COLLECTED DATA:
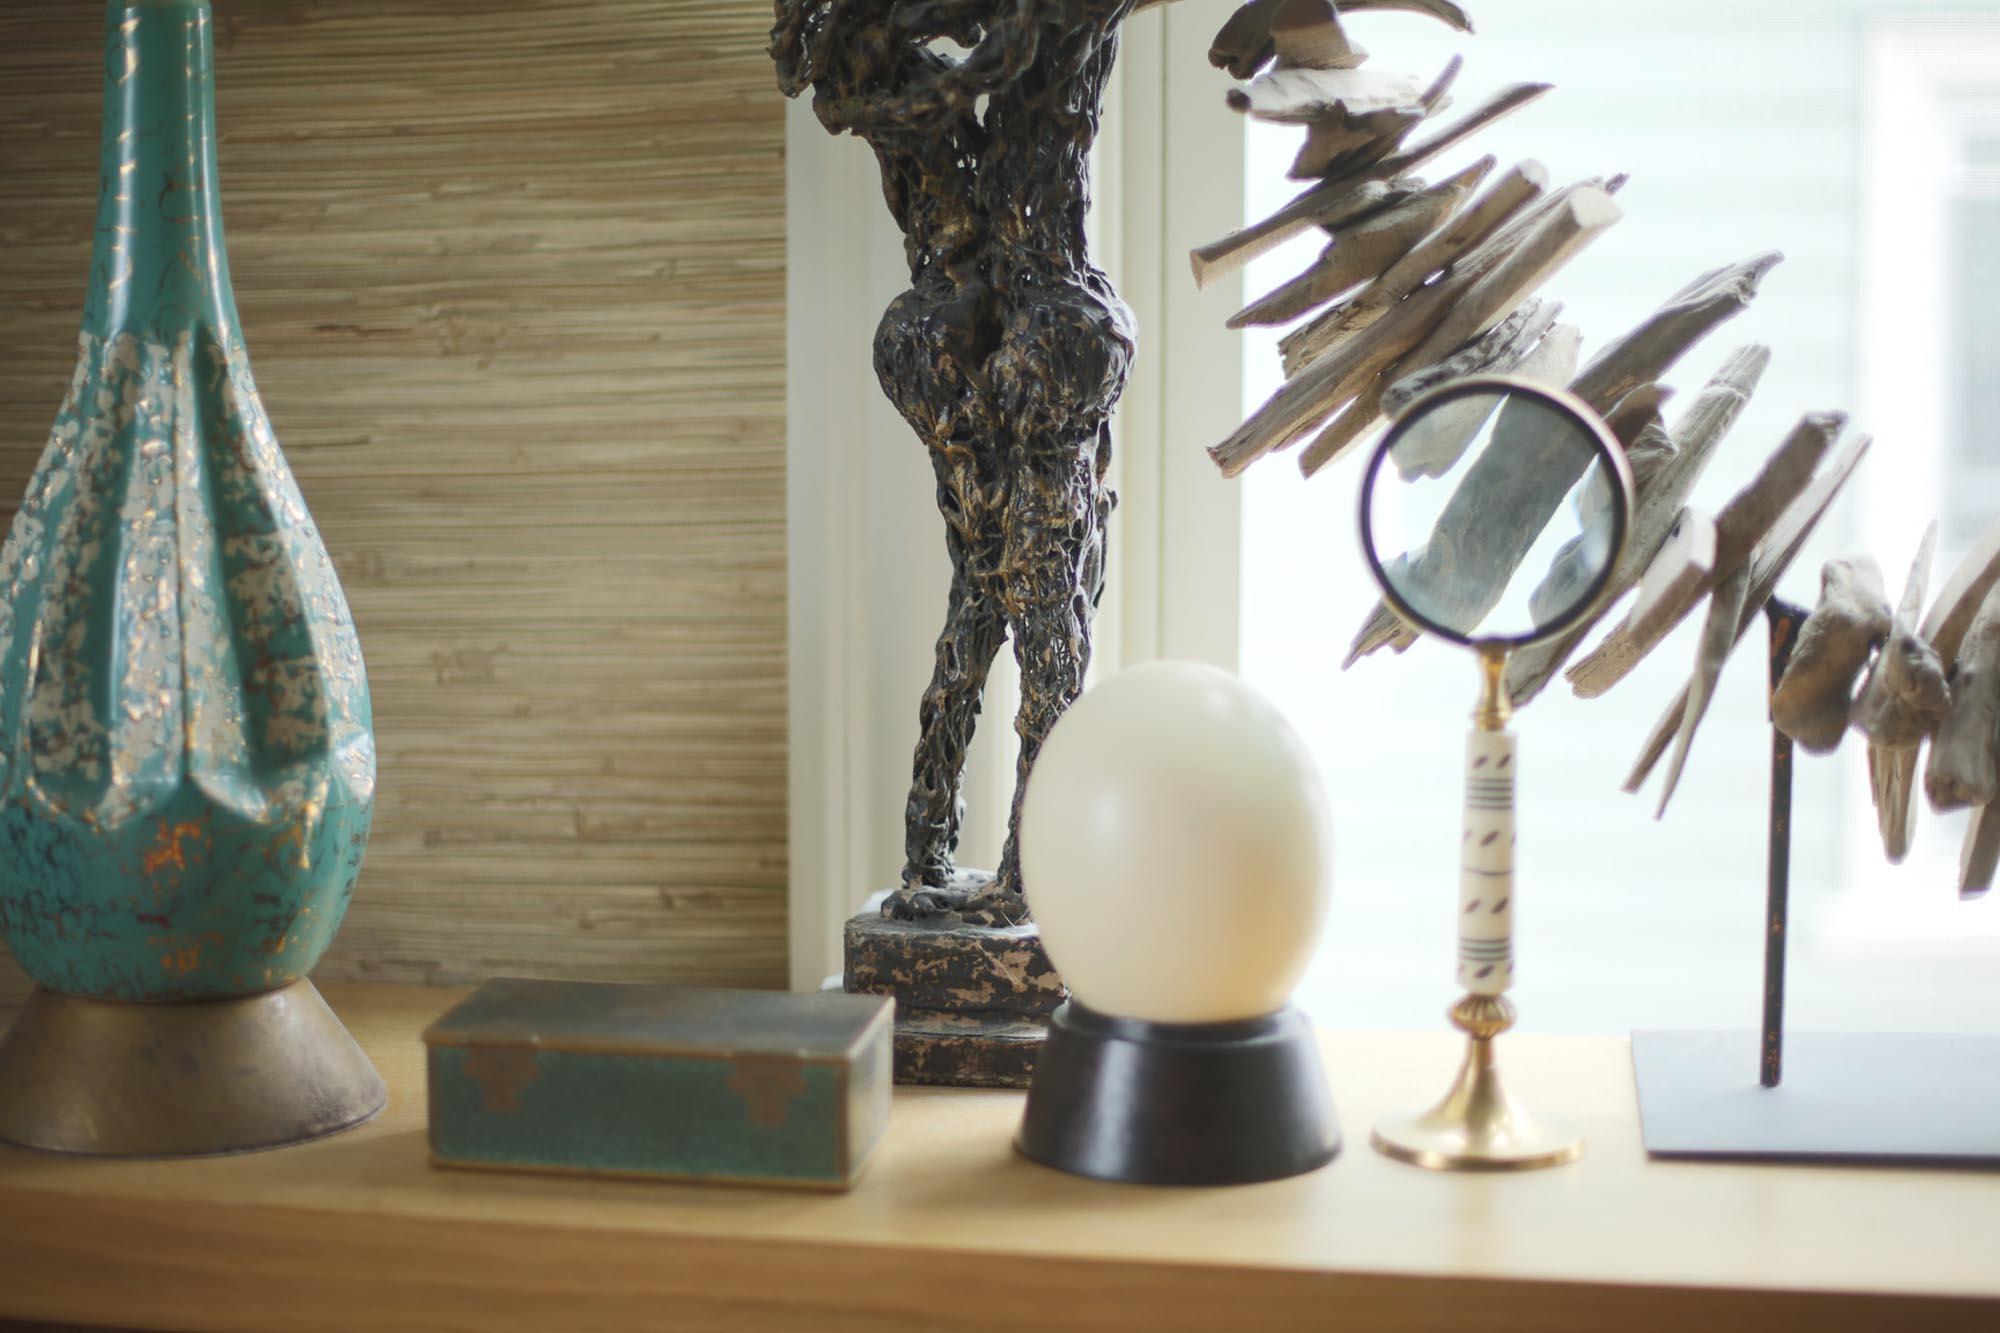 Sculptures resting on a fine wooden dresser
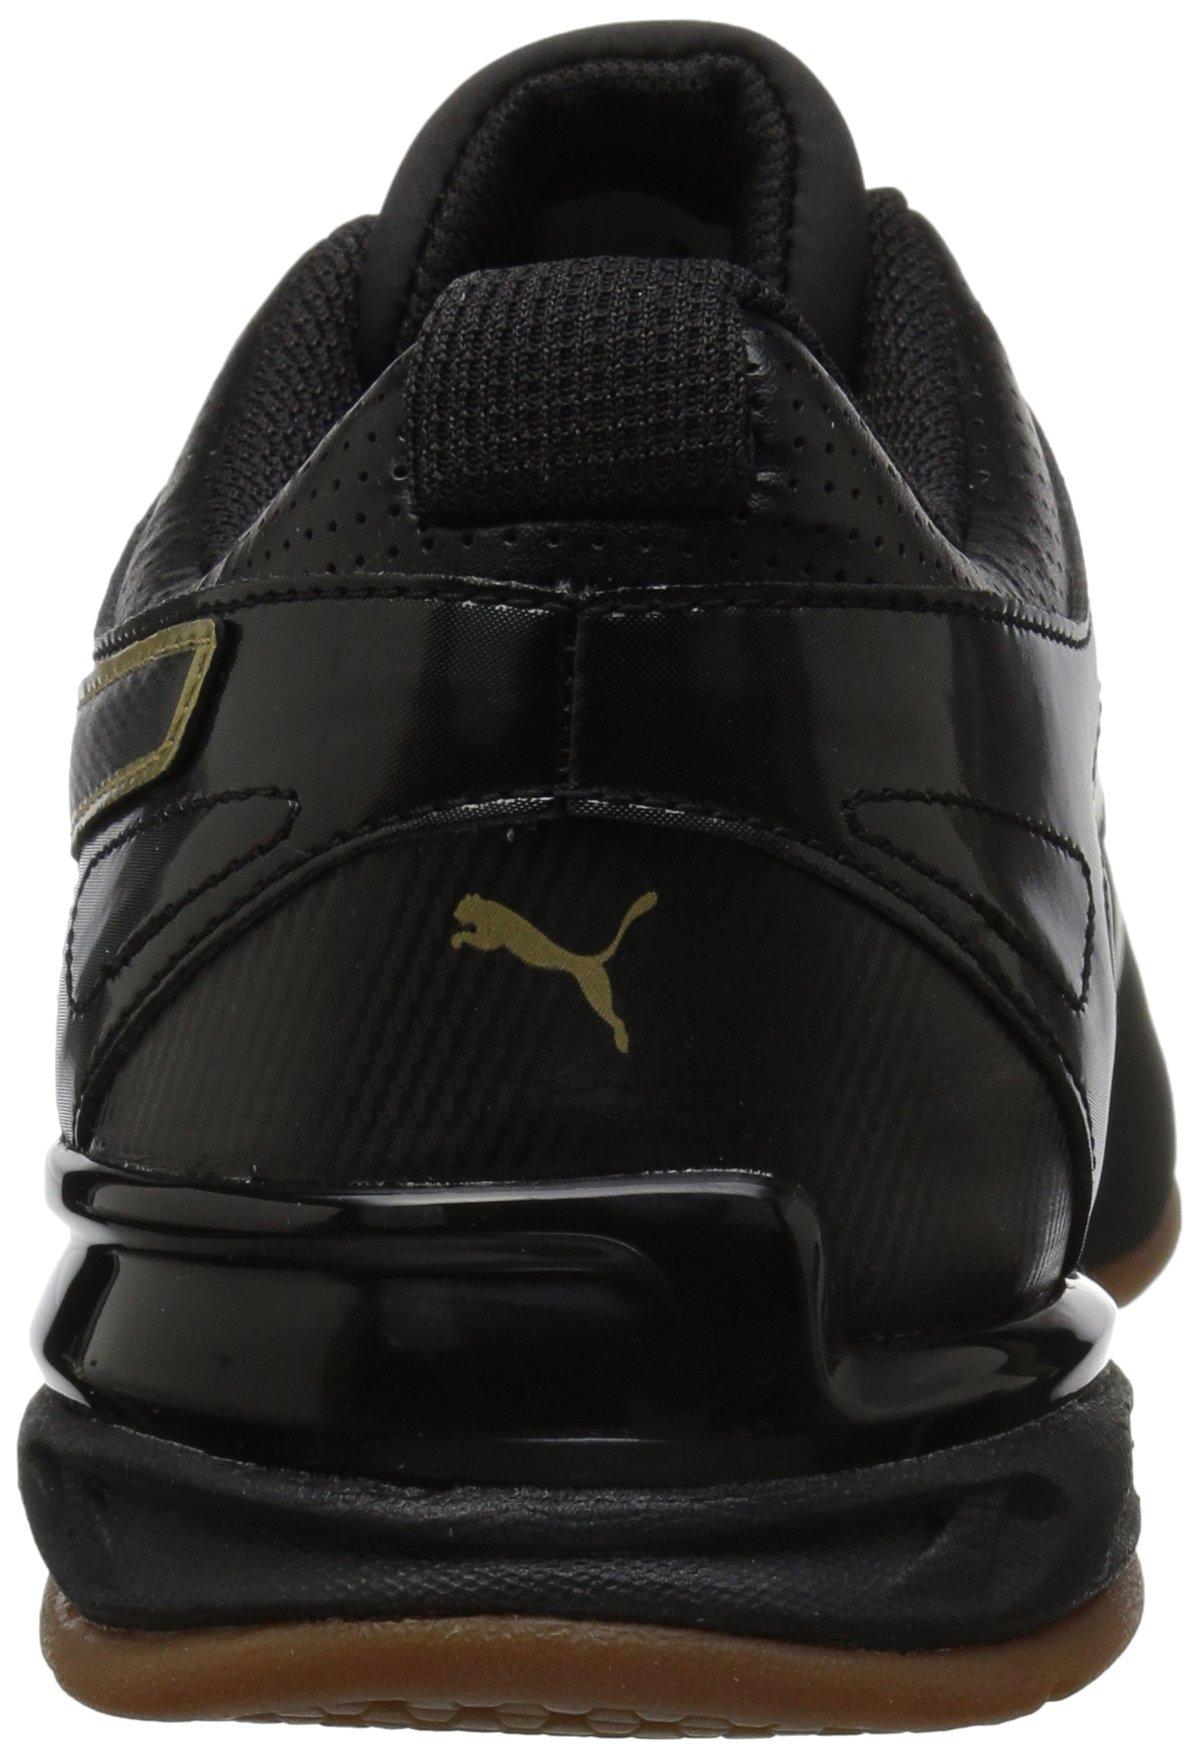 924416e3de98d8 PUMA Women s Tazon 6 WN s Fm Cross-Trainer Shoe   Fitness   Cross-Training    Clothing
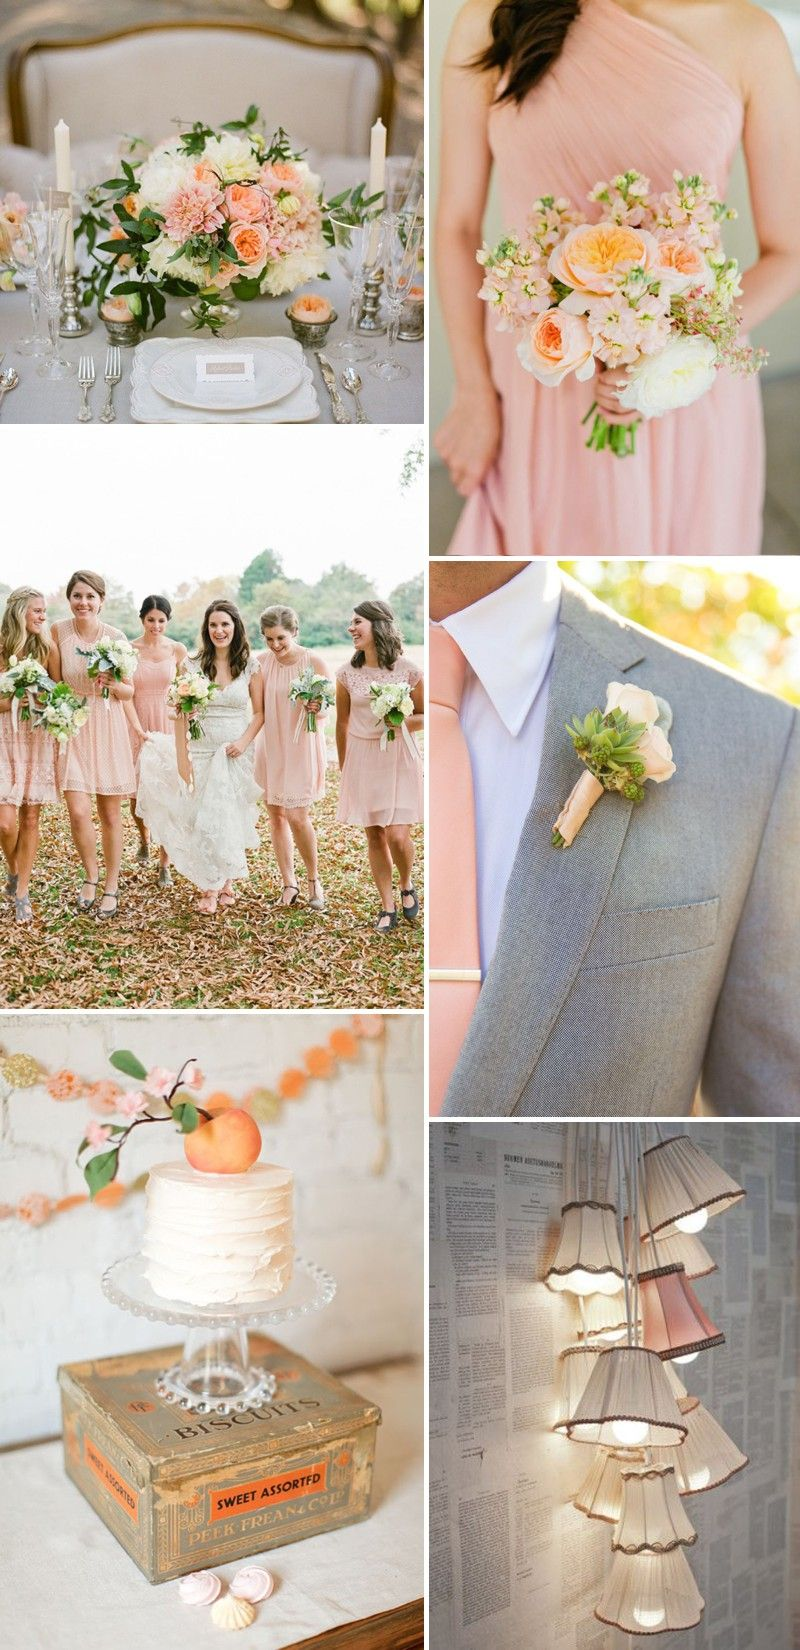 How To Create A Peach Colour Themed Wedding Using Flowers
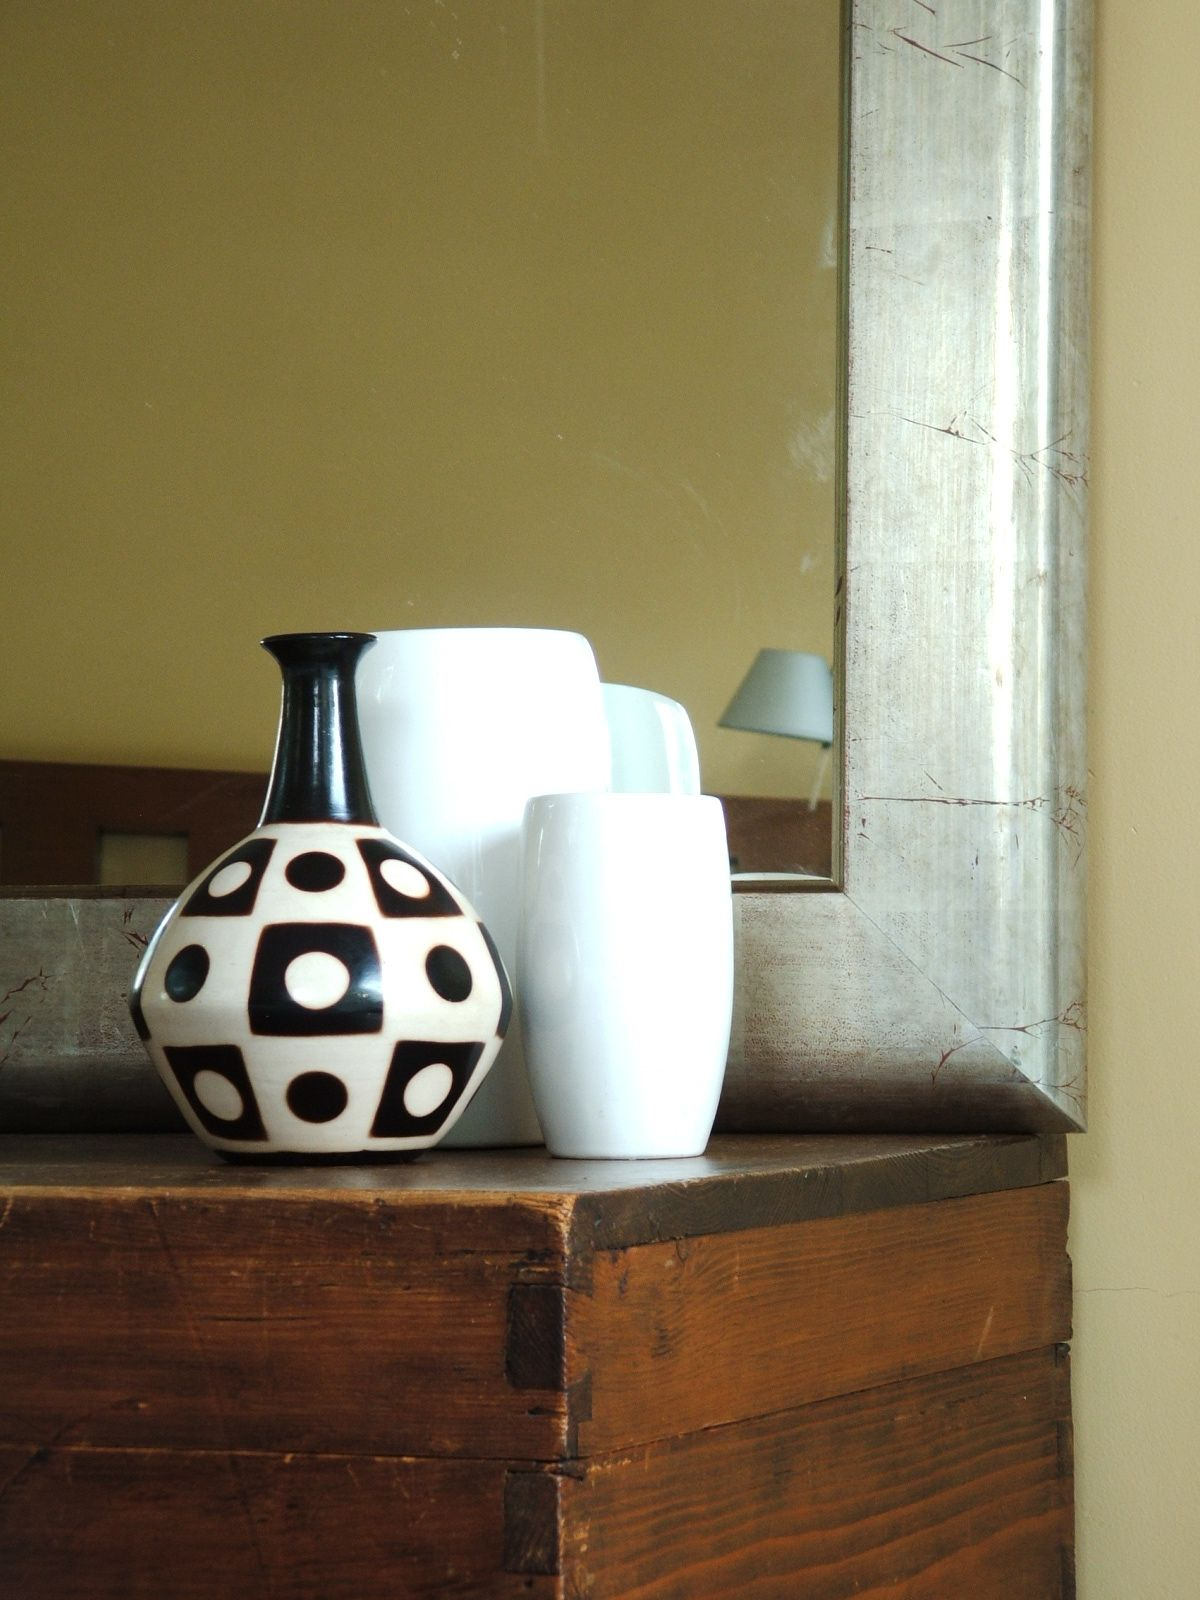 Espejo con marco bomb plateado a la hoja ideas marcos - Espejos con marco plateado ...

PROBLEM DETAILS: Skip the pictures. Return exactly the lines from the one containing "How To Create" through the end of the data above, both included, and nothing besides.

RESPONSE:
 How To Create A Peach Colour Themed Wedding Using Flowers
 Espejo con marco bomb plateado a la hoja ideas marcos - Espejos con marco plateado ...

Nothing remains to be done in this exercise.